There's nothing more dangerous than a monk who's been been been thrown over the front by excessive brake dive!

Seriously, though, we're pretty fond of our bike and here's why we think it may finally be the one to realize the potential of a front linkage:

There are six primary performance benefits to Structure's WTF (Without Telescoping Fork ;)) suspension design, which also highlight some of the things we're doing differently from past designs. When compressed in heave (equal front and rear suspension compression), relative to a traditional, telescoping fork (and previous bicycle linkage front suspension, where noted):
  1. Stability on Demand, the combination of the following two properties:
    1. The head angle becomes slacker as the suspension compresses, maximizing handling agility in less demanding situations, such as riding uphill, and increasing stability in demanding situations. No other production bicycle suspension has done this (certainly not to any significant extent).
    2. The trail increases as the suspension compresses, again maximizing handling agility in less demanding situations, such as riding uphill, and increasing stability in demanding situations.
  2. Brake dive is reduced, minimizing load transfer, improving chassis stability, and retaining positive suspension travel when braking. The balance between anti-dive and compliance has taken a large portion of our R&D time and we offer four settings to allow riders to dial it in to their liking.
  3. The motion ratio and motion ratio curves of the front and rear suspension are matched for optimal suspension balance and increased predictability of the chassis for the rider.

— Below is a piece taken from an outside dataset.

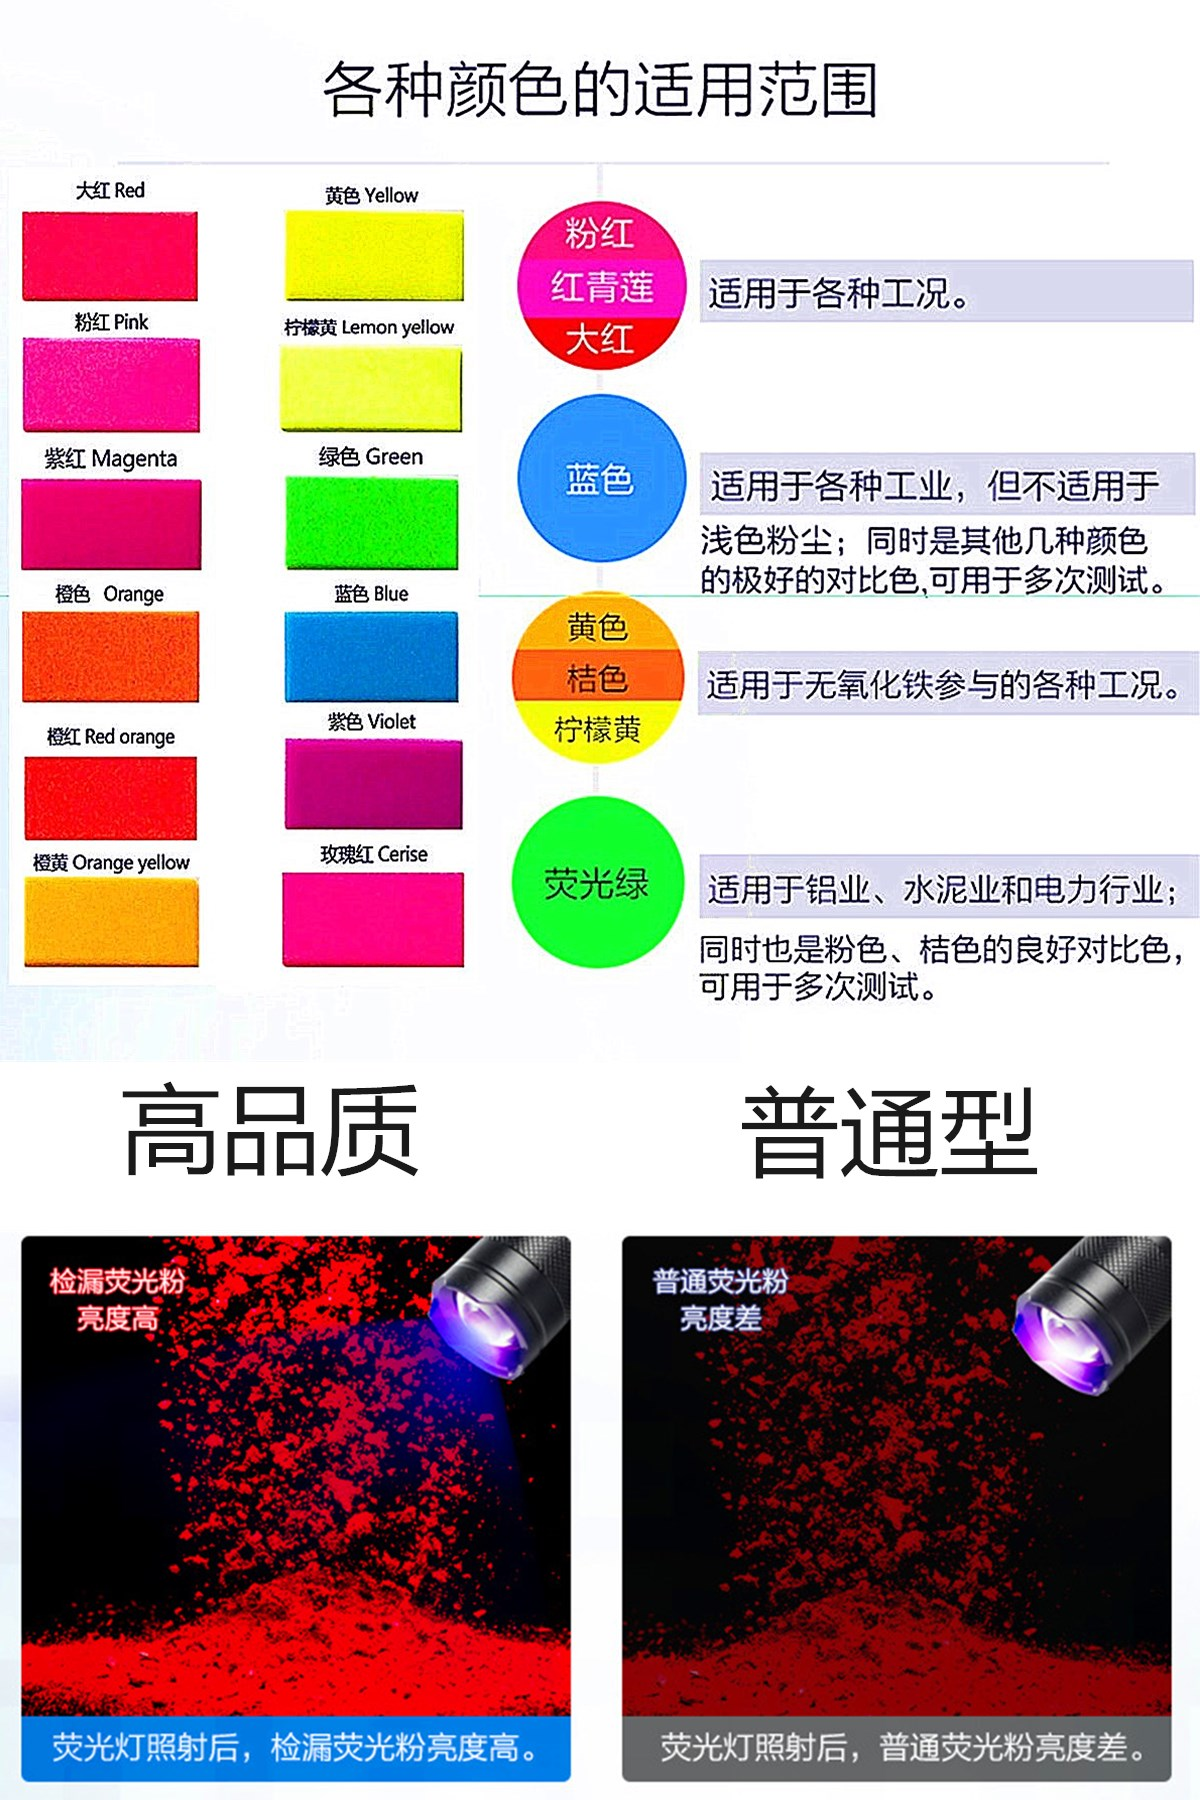 荧光粉用途.jpg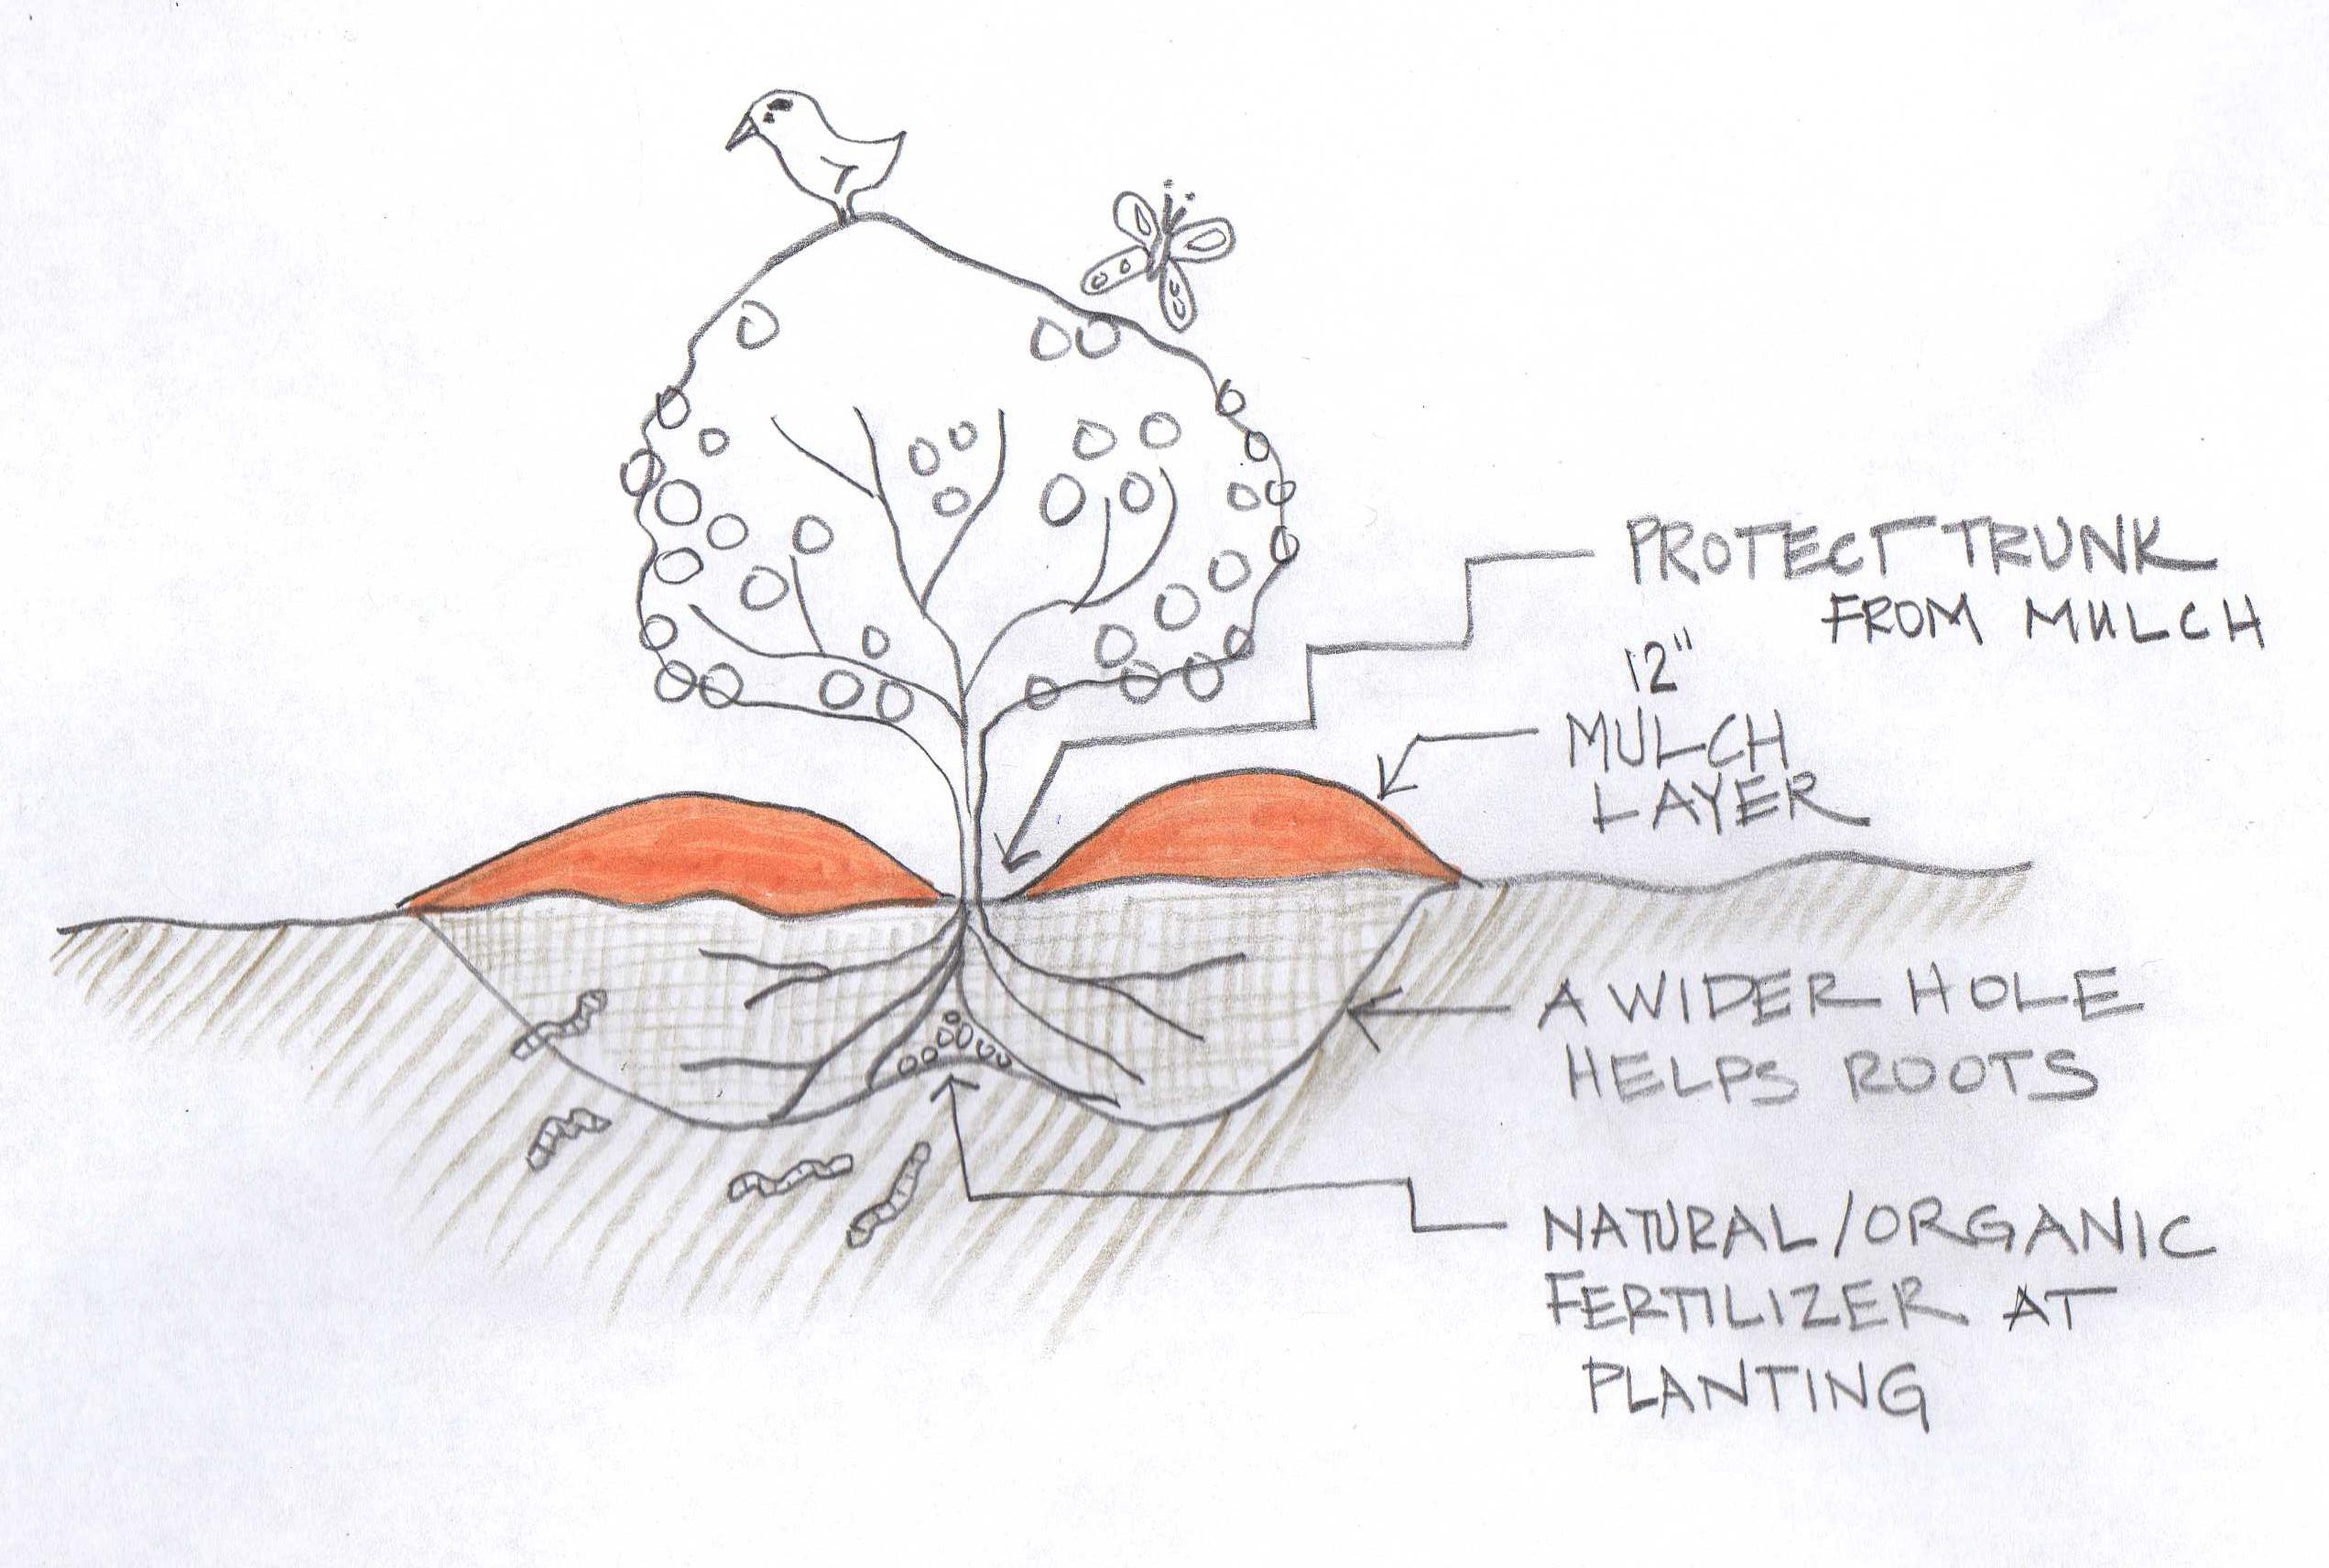 image: Soil Erosion Solutions for street trees

No other suspension system has done this.
  4. Optimized pivots:
    1. Linkage elements rotate on ball bearings, rather than sliding bushings, which reduces friction in the system and improves suspension compliance, particularly on small impacts.
    2. The WTF design does not use spherical bearings in the structural elements of the suspension, only in the steering links. Spherical bearings have been a weak point of some previous front linkage designs.
  5. The linkage elements are integrated into the chassis, rather than being a stand-alone component that mounts to the head tube in the traditional manner. This allows the linkage arms to be longer, reduces the length of highly stressed chassis elements, and distributes loads more evenly throughout the chassis.
  6. The linkage control arms, when taken together, are the longest ever used in a production bicycle application. Longer arms permit more consistent chassis dynamics throughout the range of suspension travel by reducing the change in instant centre location and motion ratio.
Four other important differences between Structure's design and that of other bikes:
  1. SSK (Size-Specific Kinematics): Each chassis size features a unique location of each pivot to ensure the suspension dynamics remain consistent for all rider and chassis sizes.
  2. Gravity Sizing: Customizable seat tube lengths to allow riders of various heights to choose a chassis size based on desired handling characteristics, rather than rider leg length.
  3. Wide Range Geometry: Bikes without variable seat tube length are forced to offer an excessive number of frame sizes with little difference between each size. By separating seat tube length from chassis length, Structure can offer meaningful differences in handling properties between each size and span a range of rider agility vs. stability preferences.
  4. The modular nature of the front-end components (steering links, upper crown, lower headstock) facilitate custom parts for geometry and handing modifications if demand arises.
If you have further questions, I'll try to monitor this thread (if anyone is still reading it), but the best way to reach me is at Ryan at Structure dot bike.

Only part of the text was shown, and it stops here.